THE OLD BEAR
There is a new era in the “flow and flush” of Tasmanians’ lives – the State Government’s control of water and sewerage via corporations. There is apprehension about the results, but at least we can be comforted by the fact we won’t have to put up with what much earlier generations had to endure.
Consider the following from an intriguing little book published by the Homeopathic Pharmacy in Hobart in 1883 with the title The Medical Telephone (price sixpence). An entry under “water closets” is enough to have a modern-day toilet flusher shudder in disbelief:
“Of all the nasty institutions under the sun, the closets one usually meets with, beat all. Filthy stinking holes, where – an offence in every sense – the excreta are allowed to lie, exhaling stenches and disease.
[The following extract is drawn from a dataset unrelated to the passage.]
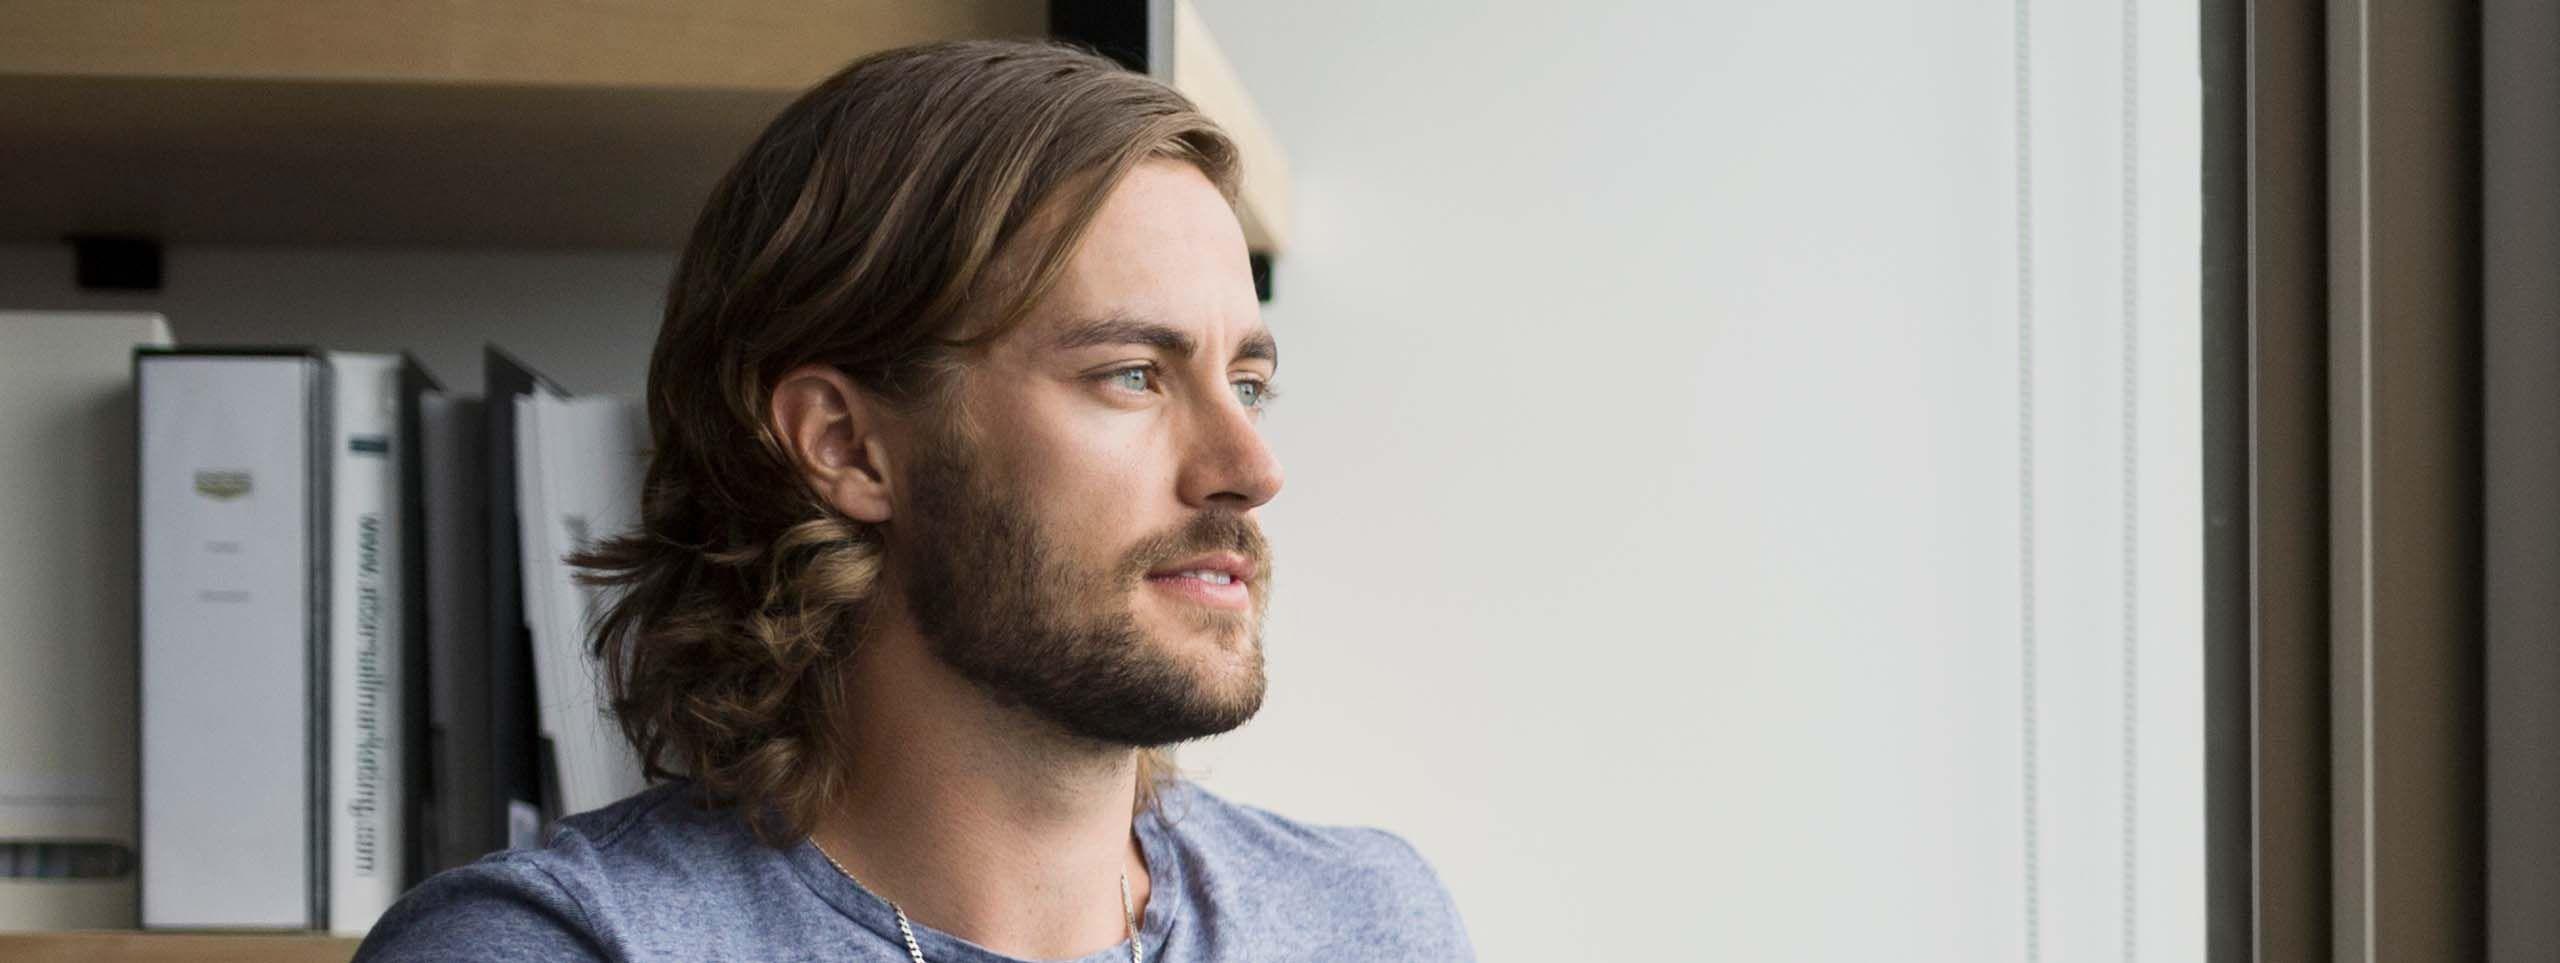 Muškarac sa kosom dužine do ramena i bradom koji drži šoljicu i gleda kroz prozor

Or may be placed over a clear running stream, which saves all trouble in clearing away, and adds considerably to the flavour and consistence of the water for the next family down stream who have to drink it, and moreover is a rare source of revenue to the doctor of the district.
“To save all these troubles, and save the manure as well, which will amply repay all trouble where there is a garden, make your ordinary closet into a dry earth closet. A small galvanised bath under the seat makes a good receiver, and a box full of dry earth or ashes complete the arrangements. This box might be kept behind the door with a scoop or flower-pot in, and a notice over, asking every one to obey the Levitical law. To keep down smells in hot weather, use a little of Jeye’s Sanitary Powder to sprinkle about.”
Phew! Hardly Bearable I’d say.
Footnote: the Levitical law refers to Deuteronomy, Chaper 23, Verse 13: “And thou shalt have a paddle upon thy weapon; and it shall be, when thou wilt ease thyself abroad, thou shalt dig therewith, and shalt turn back and cover that which cometh from thee.”